(169ab) Integrating Biophysical Modeling and Machine Learning to Discover Plastic-Binding Peptides for Microplastic Remediation

Plastics on the micrometer or nanometer scale, termed microplastics or nanoplastics (MNPs), are a harmful pollutant. Millions of tons of MNP pollution pervade the environment. Humans and many other organisms regularly consume MNPs unknowingly, which can have harmful effects on their health. Because the risks of MNP to the environment and human health worsen with increasing MNP concentration, we urgently need methods to remediate MNP pollution. Here we discover plastic-binding peptides (PBPs), which could detect and capture MNP pollution, by combining biophysical modeling and machine learning. PBPs were designed for polyethylene, polystyrene, polypropylene, and PET using the Peptide Binding Design (PepBD) algorithm.

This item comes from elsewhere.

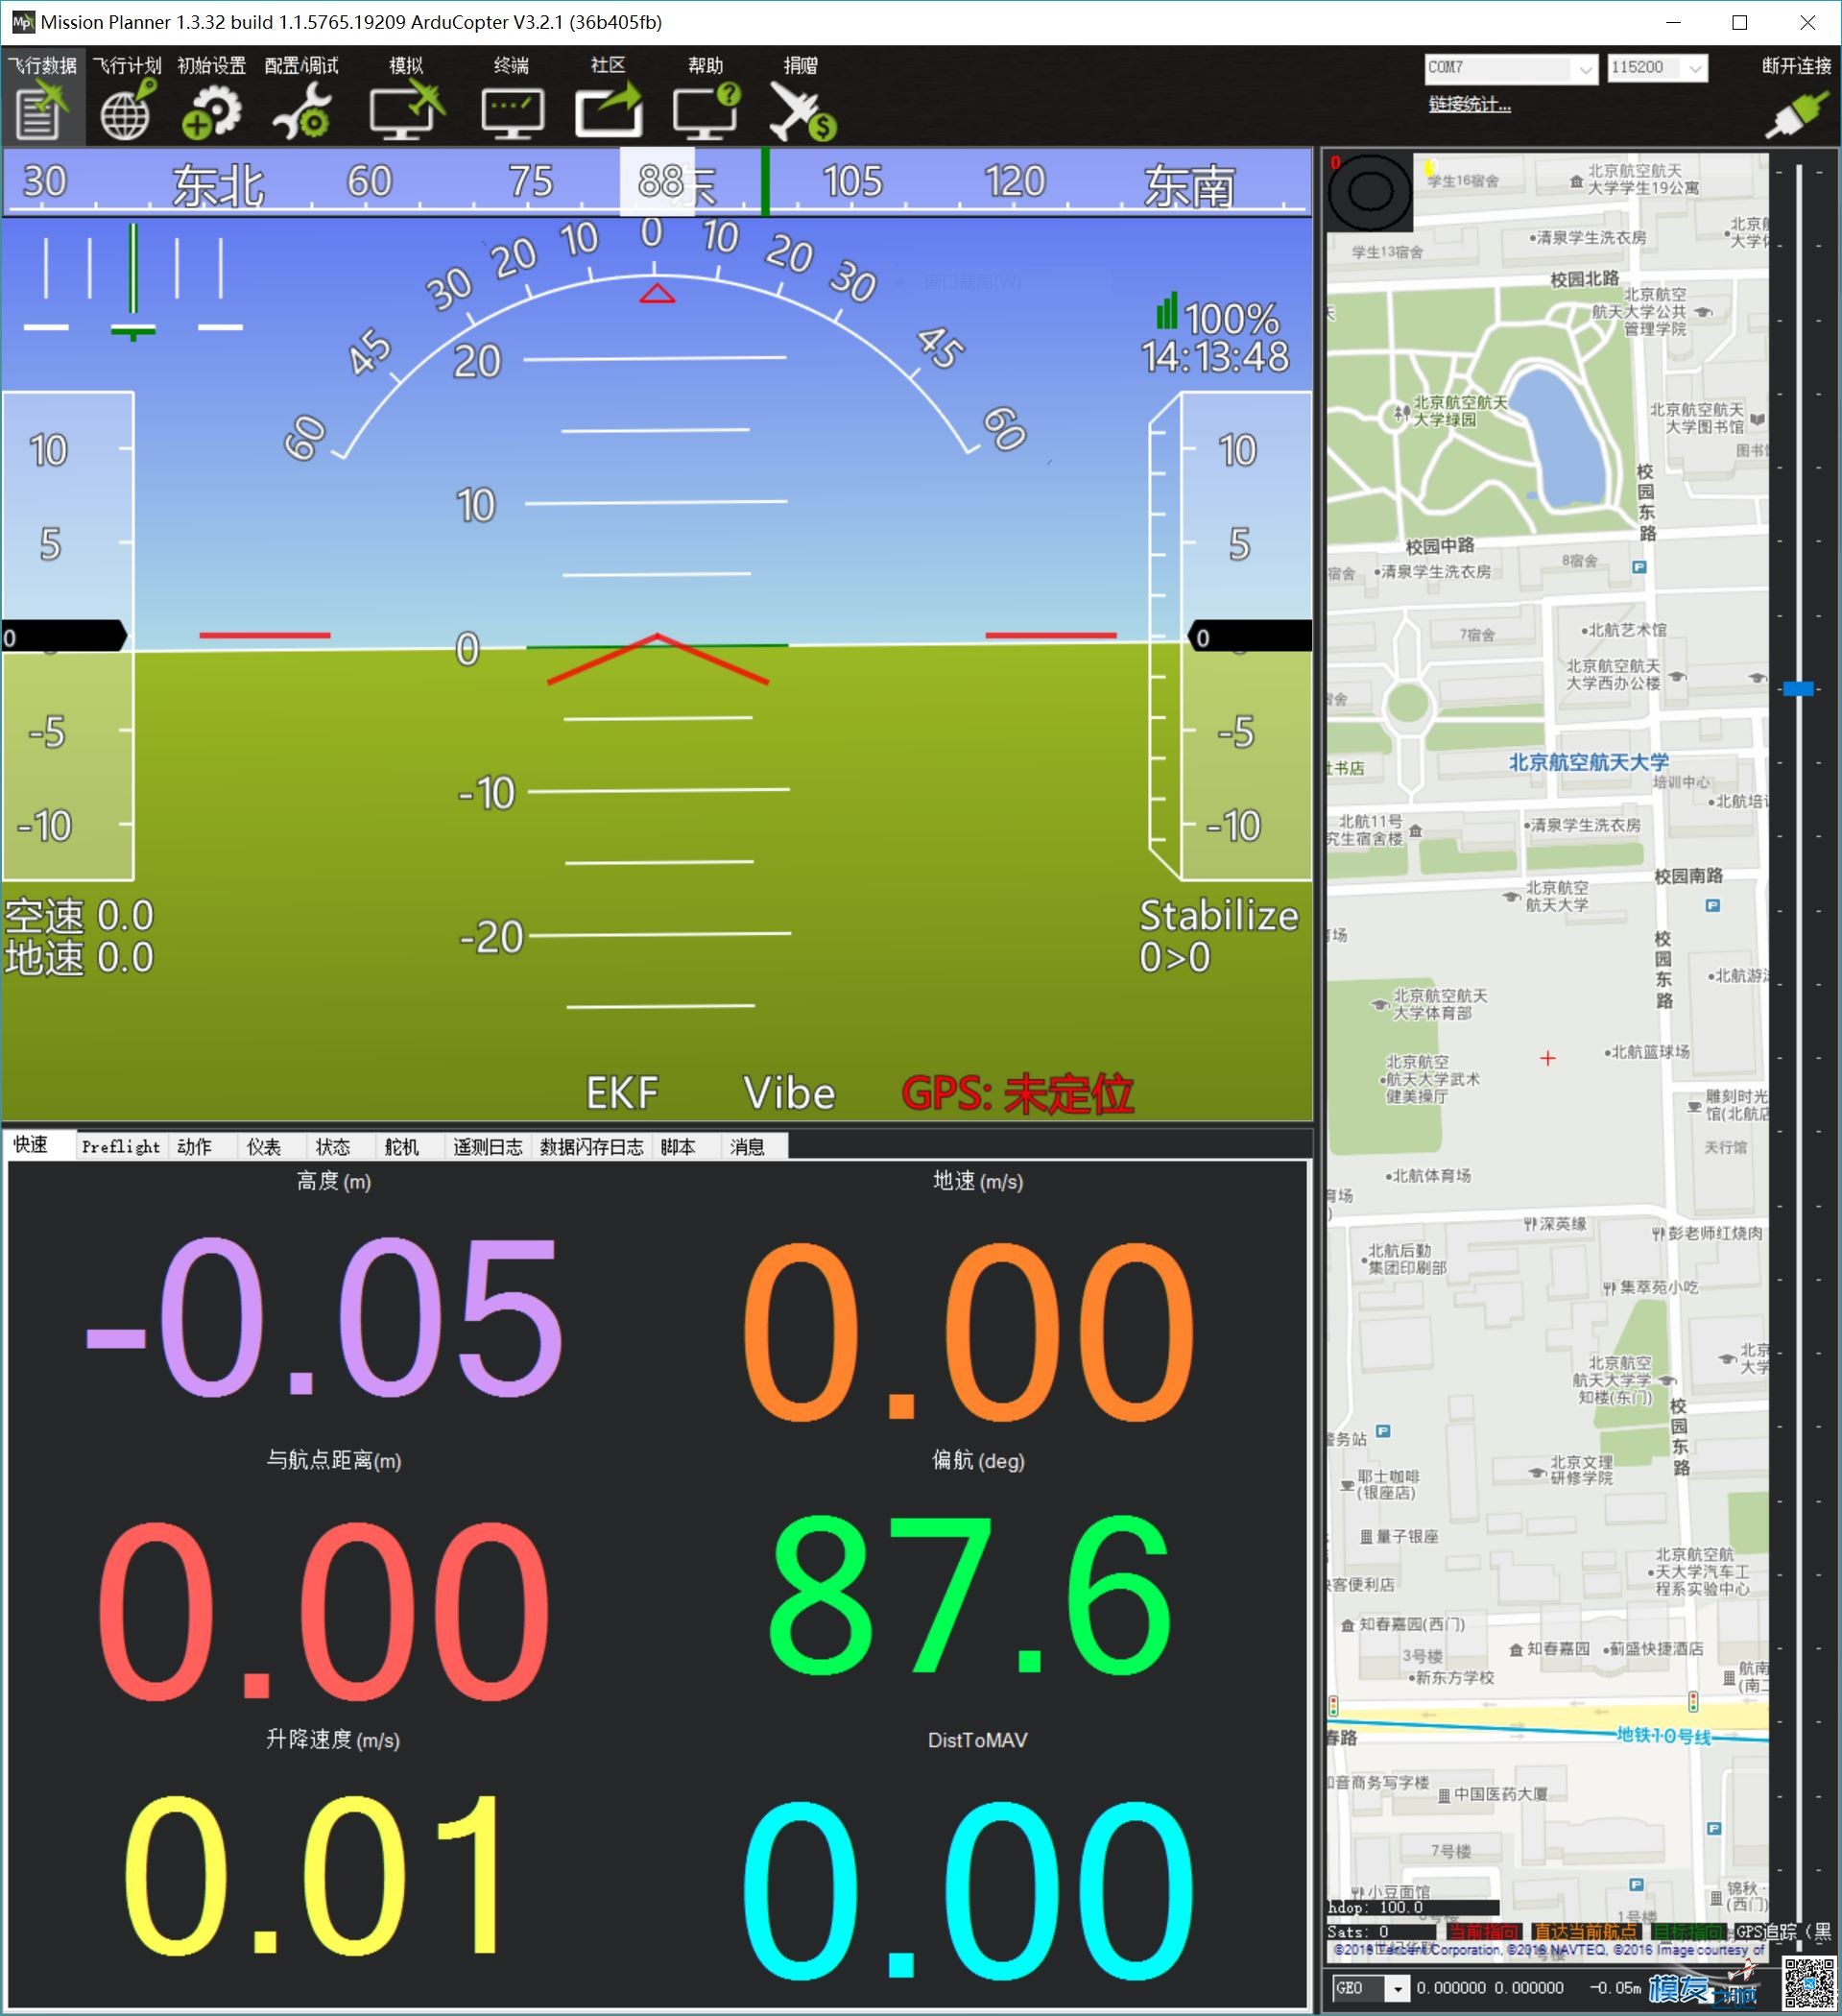 miniAPM 固定翼固件 Bad GPS Healthy 固定翼,固件,APM,GPS,叮咚mini2刷固件 作者:豆远航 8991 
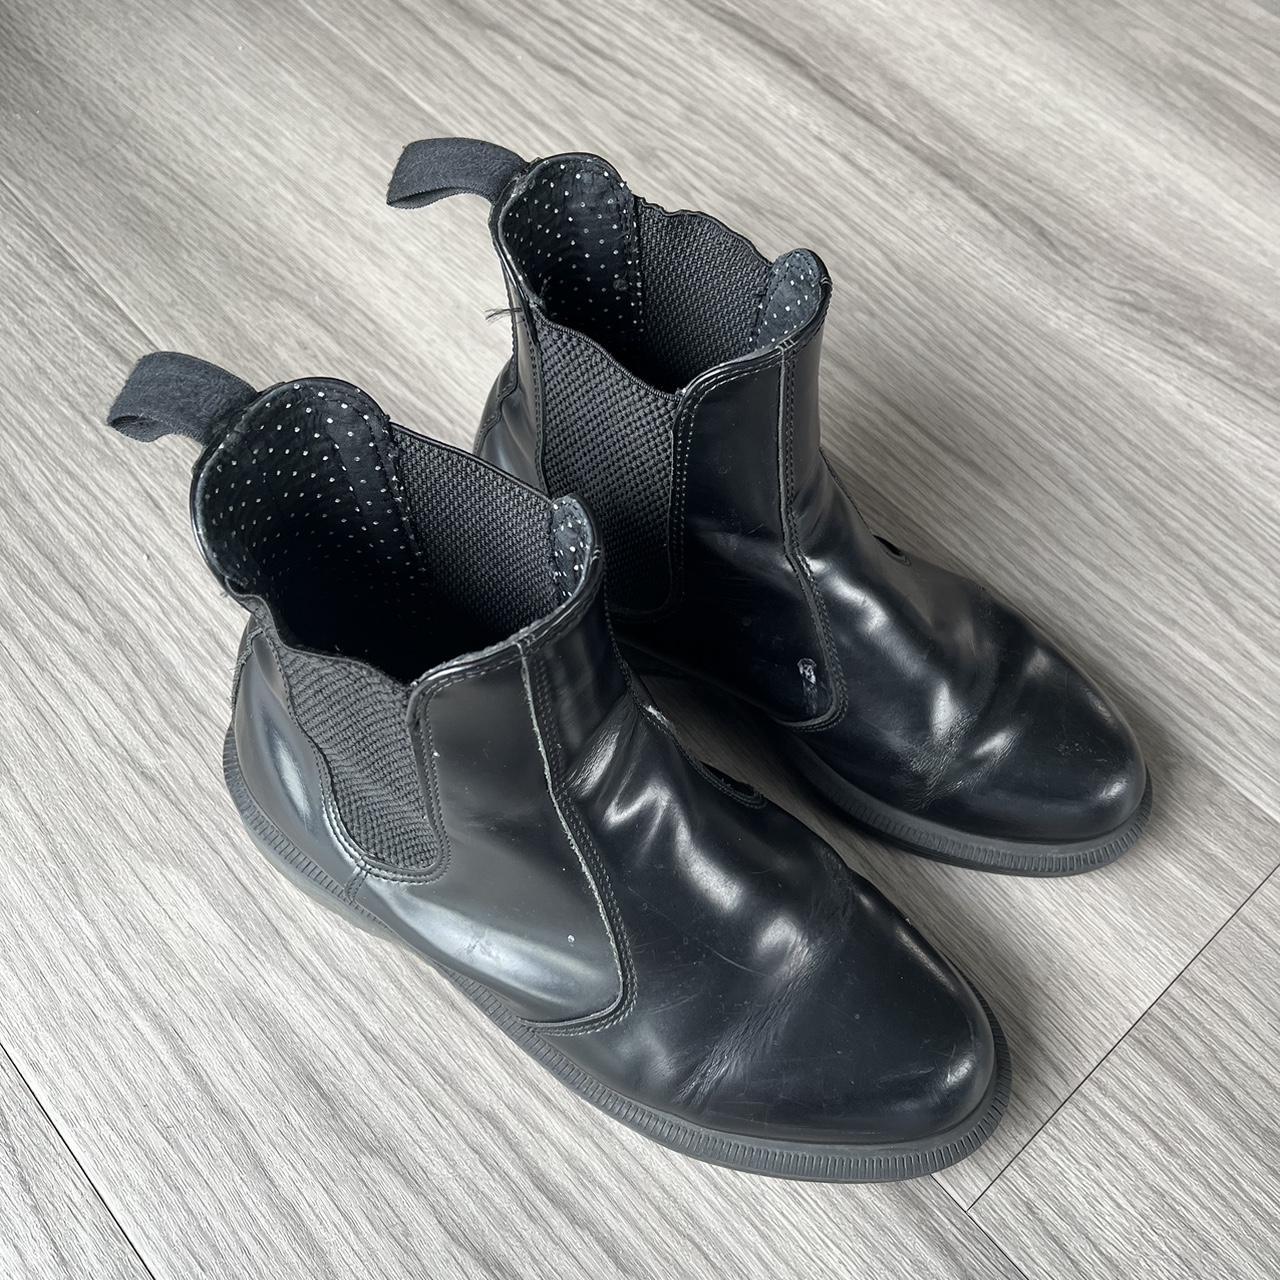 Dr Martens Flora Chelsea Boots Size 5 - true to... - Depop

PepBD samples amino acid sequences and adsorbed conformations on a plastic surface using Metropolis Monte Carlo. Peptides were scored by the sum of their MMGBSA binding energy and peptide stability in the adsorbed conformation (i.e., the peptide internal energy). Molecular dynamics (MD) simulations of designed PBPs show that they consistently have stronger binding free energies than random amino acid sequences, while preliminary atomic force microscopy experiments found the best PBP for polyethylene has greater affinity than random sequences. An additional round of PBPs were designed to 1) increase PBP solubility in water to improve detection and capture of MNP pollution in aqueous environments, and 2) increase PBP binding affinity to a specific plastic to enable separation or characterization of the components of MNP waste. Water solubility was increased by adding the CamSol solubility term into the peptide scoring function. Binding specificity was improved by first training a long short-term memory (LSTM) network to predict the PepBD score of an amino acid sequence, and then searching for sequences with large score differences between plastics. Thorough experimental testing of PBP designs is ongoing. We envision that the designed PBPs will be broadly useful in addressing MNP pollution.